This makes me happy that I can have a do-over with the wisdom I that I have gained thus far.
Instead of being depressed about what my friend said, I am going to use it as a reminder to look for the very best after all that is what I deserve.
Just had to share....
Re: What other's sees in my relationship...
That's interesting. Some people are very intuitive. The good thing about going through something like that is that it hones YOUR intuition as well. I think that's why I've become so picky. I have this sense I get about someone even before we're really in any sort of relationship.
It's also interesting when you see things about other's relationships. There are several people in my life who are either married or getting married that I do not see good things happening for. All I can do is hope that they figure things out in their own way. Everyone has to go through it at some point in time.
When I changed my relationship back to single on FB, someone who attended my wedding sent me a PM and said,
"You know, I remember your wedding day and this overwhelming feeling of something not being right. I remember even asking you if you are sure about this. Next time don't ignore my bad feelings, okay? [
I could tell that day you weren't sure, but there's nothing else I could have said, it was in your eyes. Being young is full of experiences and some lessons are harder to learn than others. I know one thing for sure though, this experience will make it easier for you to realize the "bad eggs". Love you!"

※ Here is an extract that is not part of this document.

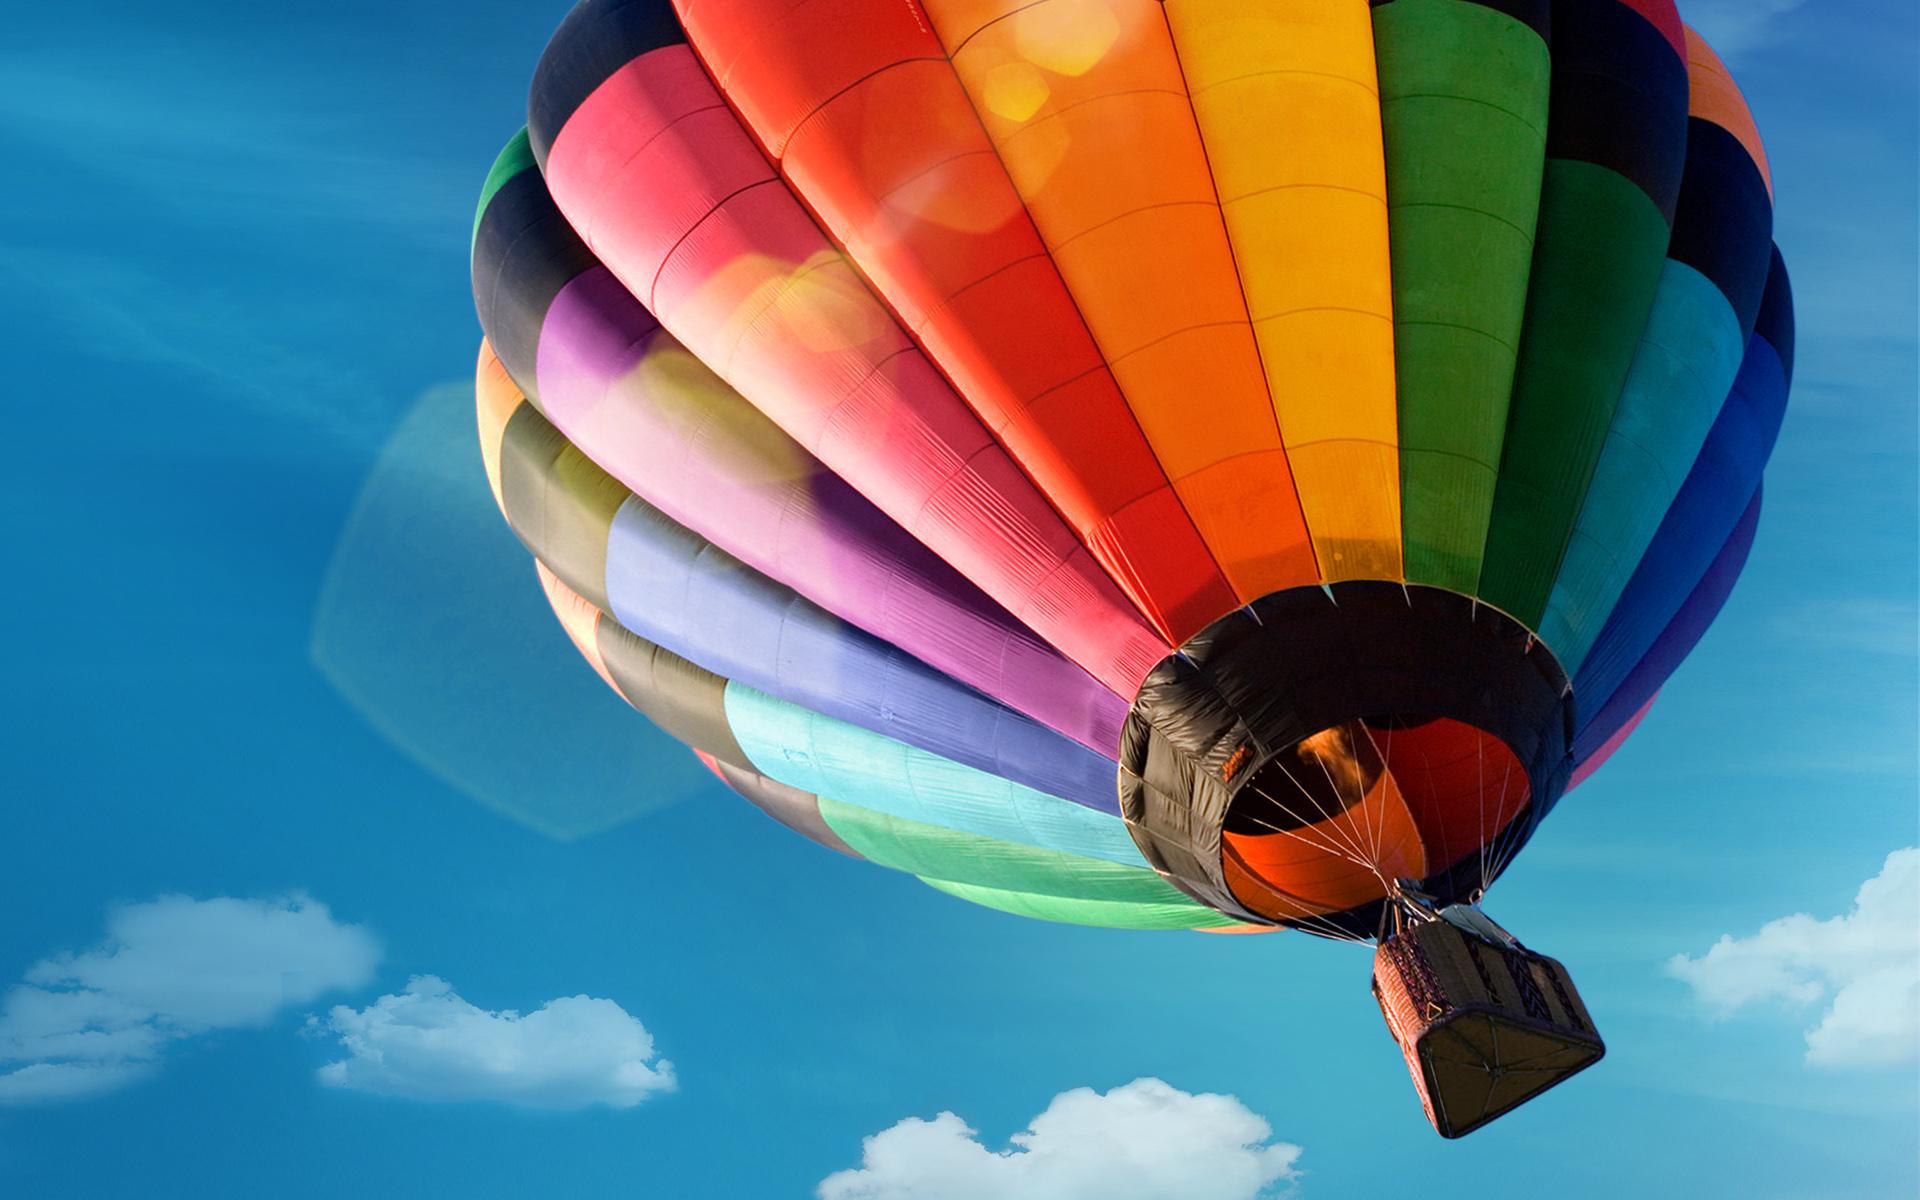 Hot Balloon Wallpaper Hd

It defnintely made me realize the need to be honest about a relationship. Before I let my feelings take over.
DS is my miracle baby because it wasn't until I had him I had my taste of love and what that feels like.
(I dd's the rest of my response in this post because it was just way too personal and I felt more akward after posting it)

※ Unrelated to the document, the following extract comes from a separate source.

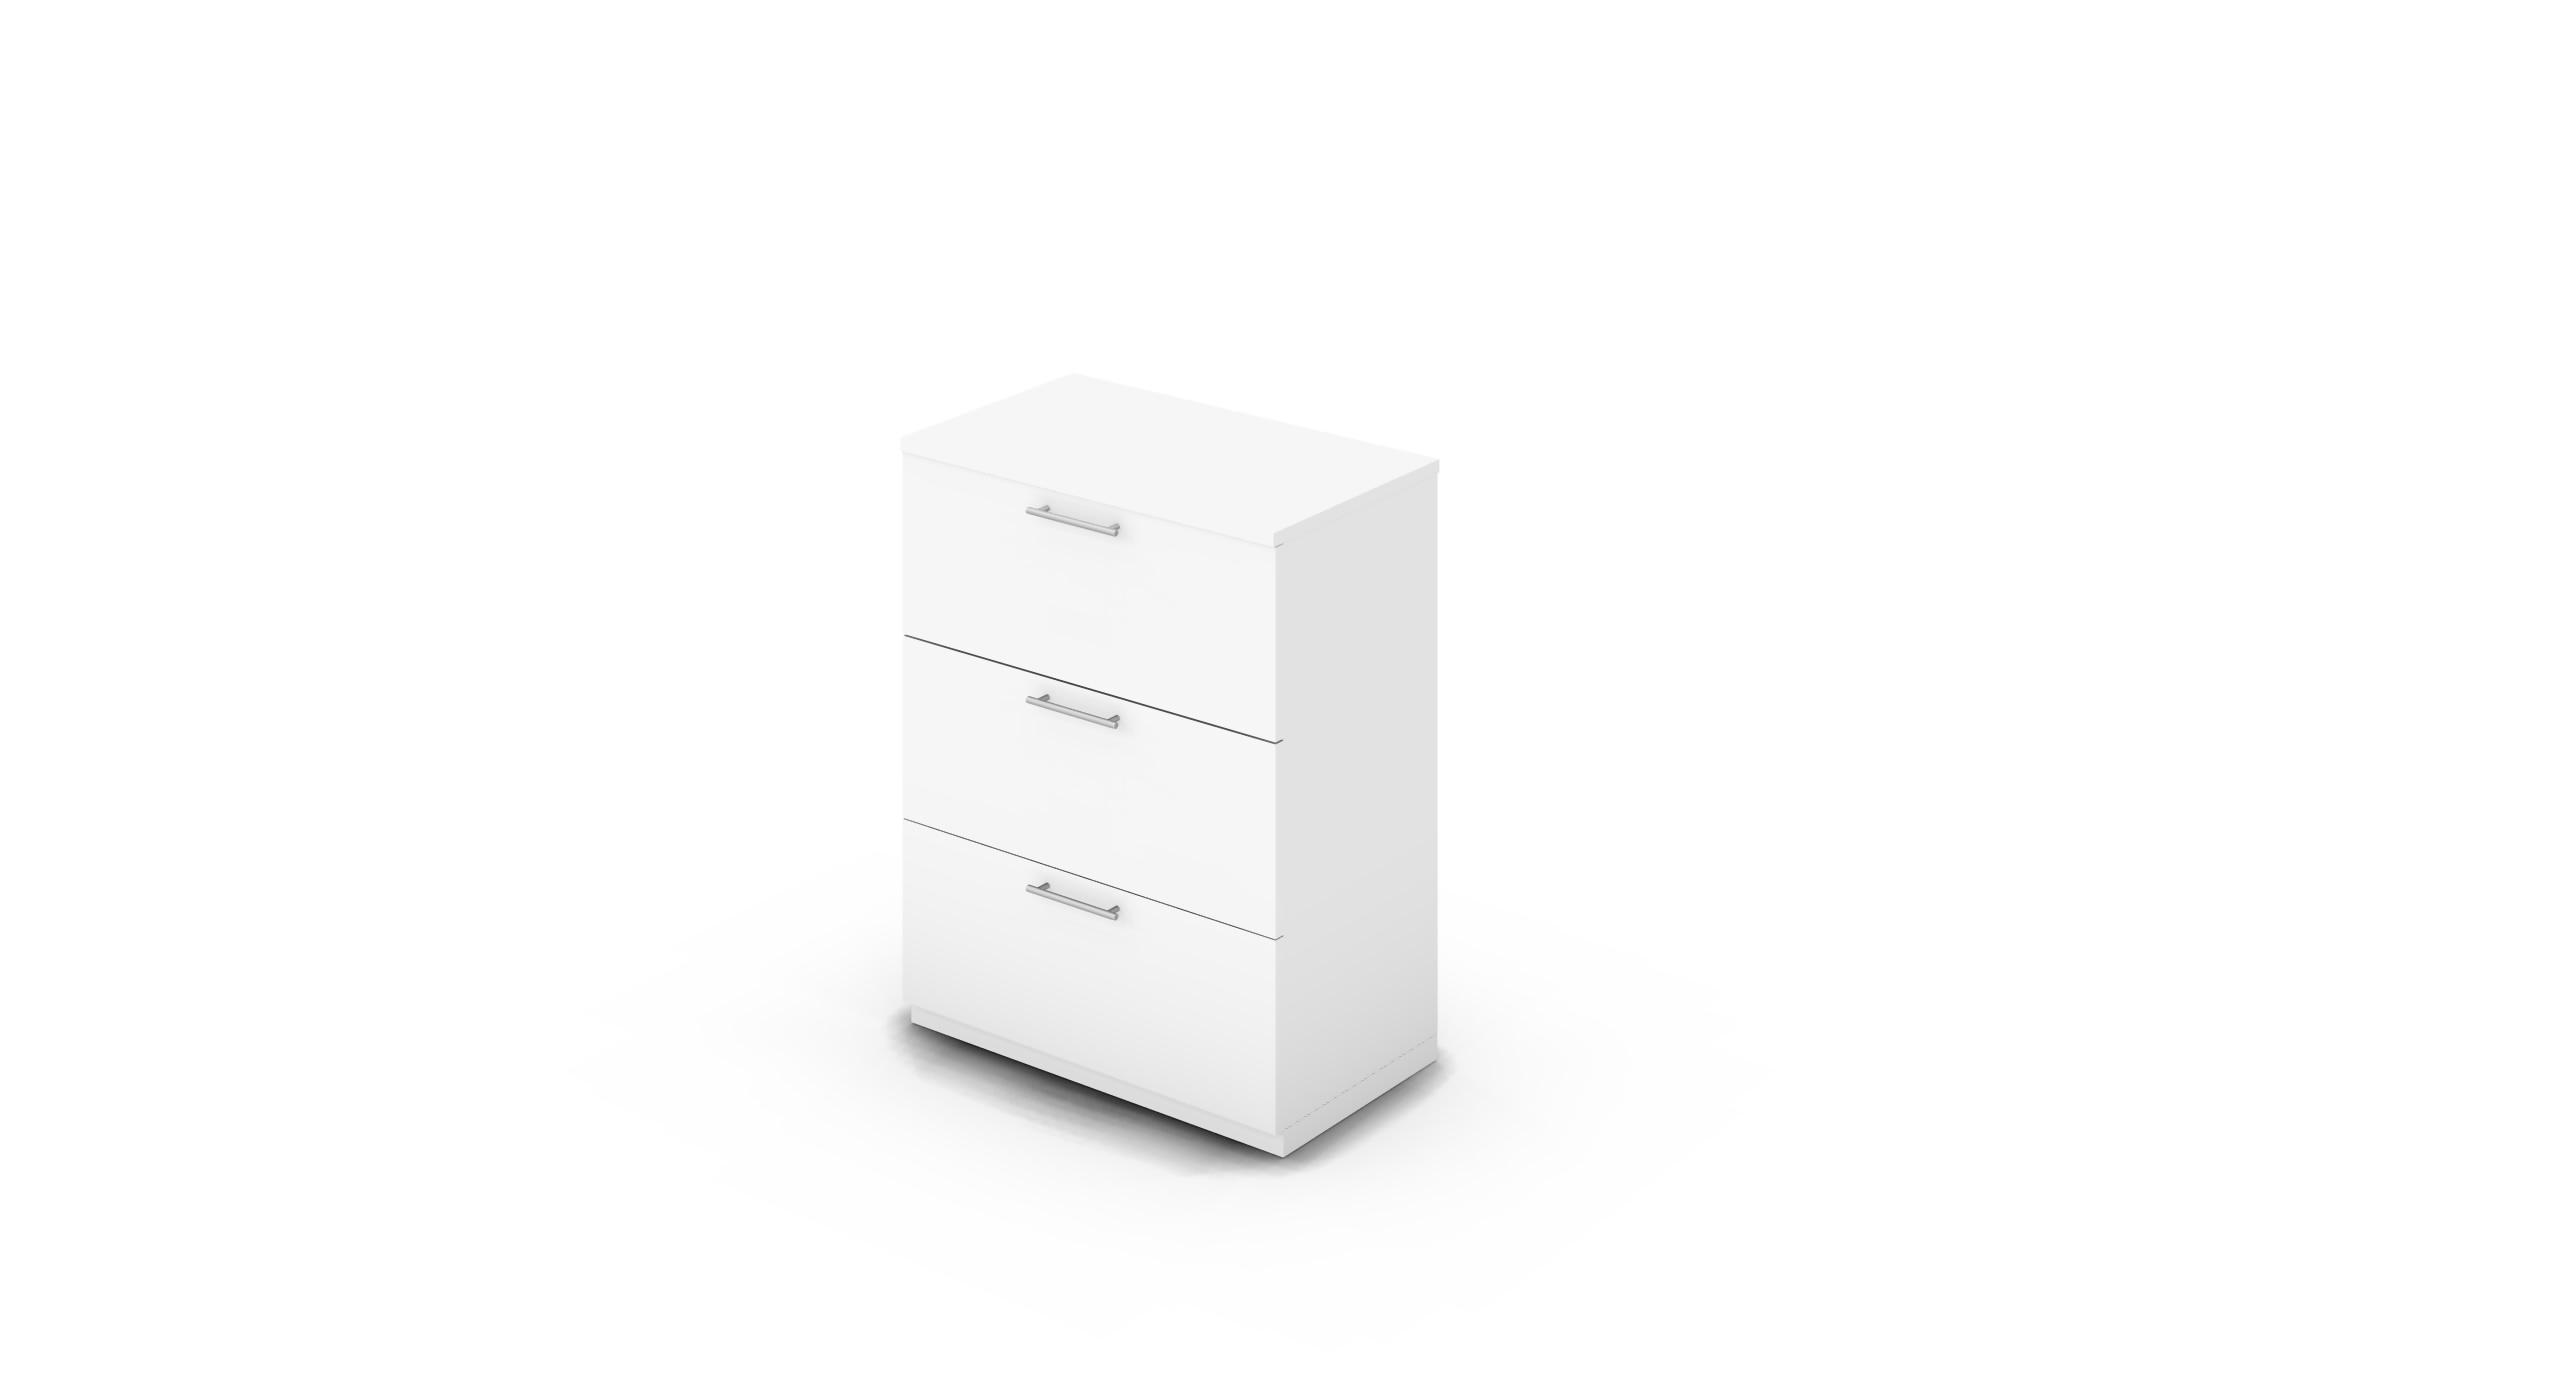 Cabinet_800x450x1125_DR_White_Bar_Round_NoCylinder

I also find this interesting. I recall in the beginning of the end (the legal process anyway) thinking 1) Why didn't anyone say anything?! and 2) Why is everyone so darn surprised?

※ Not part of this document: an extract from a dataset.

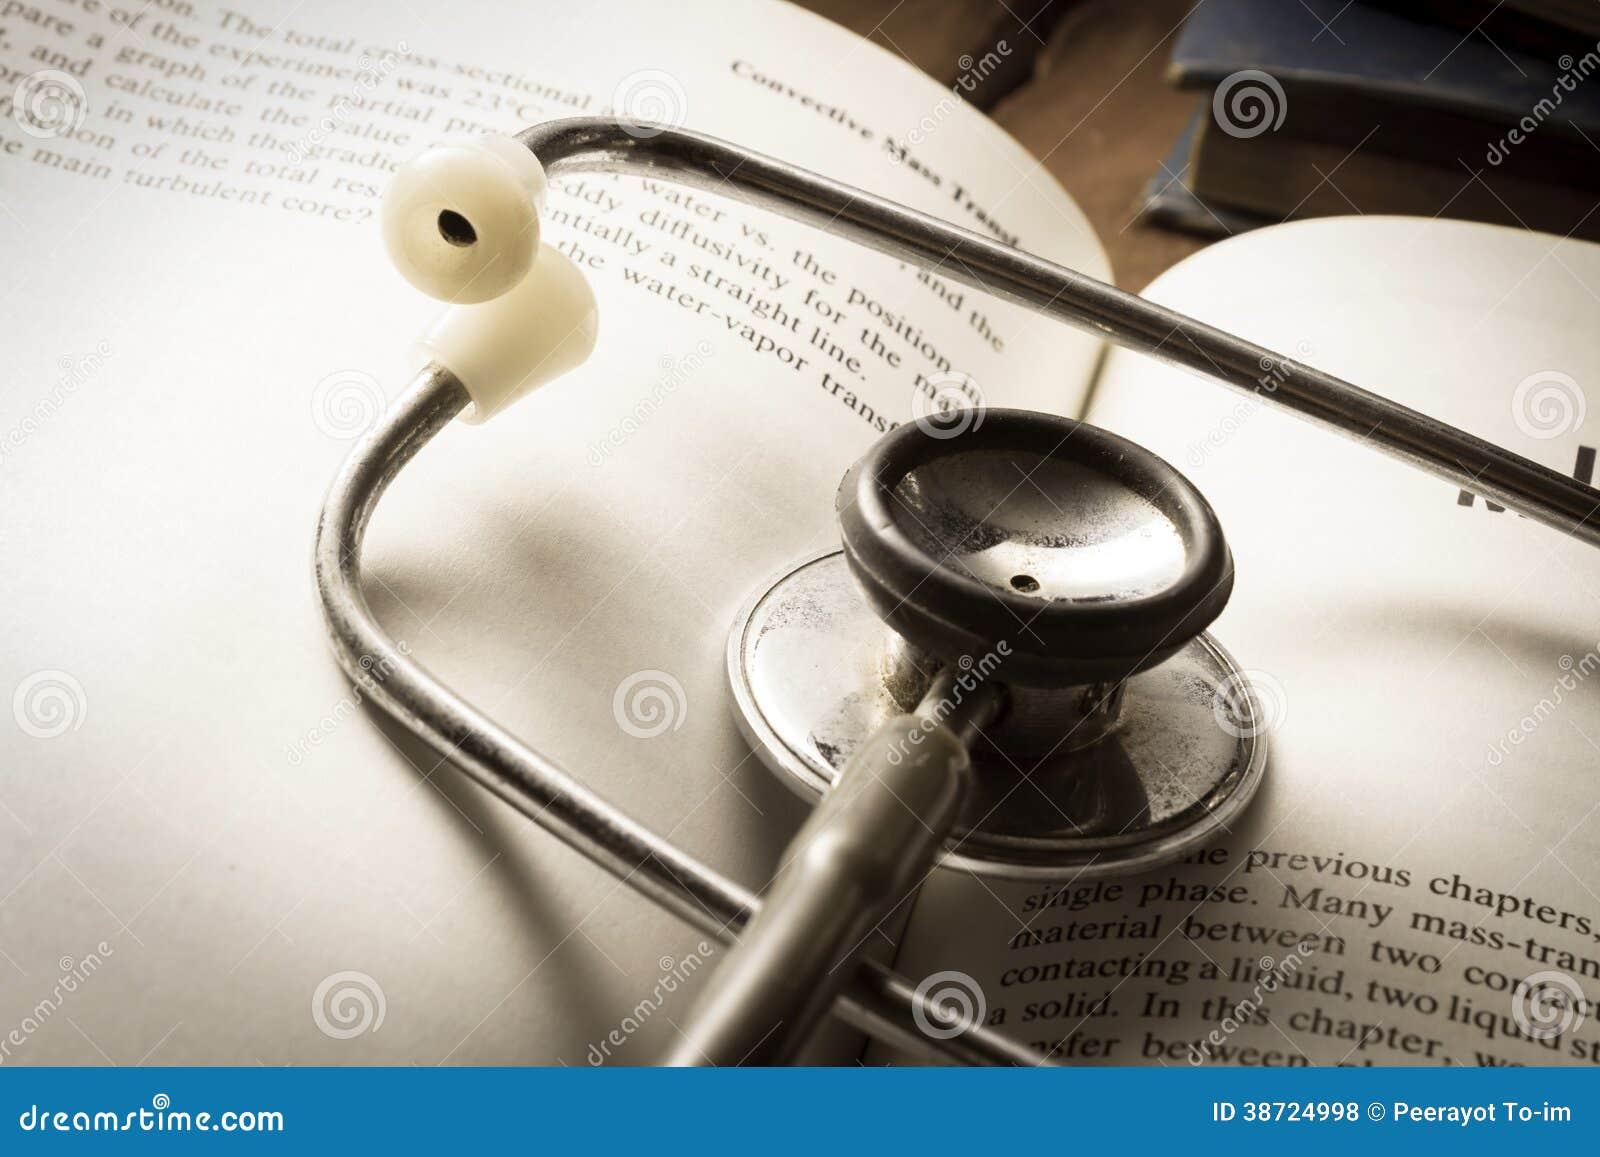 Стетоскоп на открытой книге.

I don't really think of it that way too much anymore. I am trying to get over the why didn't I see it thing now when I think of things and am focusing on forgiveness including myself in that right now.
Thank you for sharing!
You are far from "messed up in the head"! I think you are like pretty much everybody, you are a good person who sees the good in people, your XH included (well at least at the time). Thing is this isn't exclusive to romantic relationships...I think it applies to pretty much any relationship. I know I had a friendship with someone who thrived on drama and while we were friends I couldn't really see how damaging it was. After a blow out, where I stood my ground and said "I'm done", I finally saw how chaotic it was to be friends with her and how freeing it was to be done with that relationship.
Anyway, my point is that you are doing a fabulous job of taking care of yourself and your LO and I know you'll find someone that is amazing when you're ready!!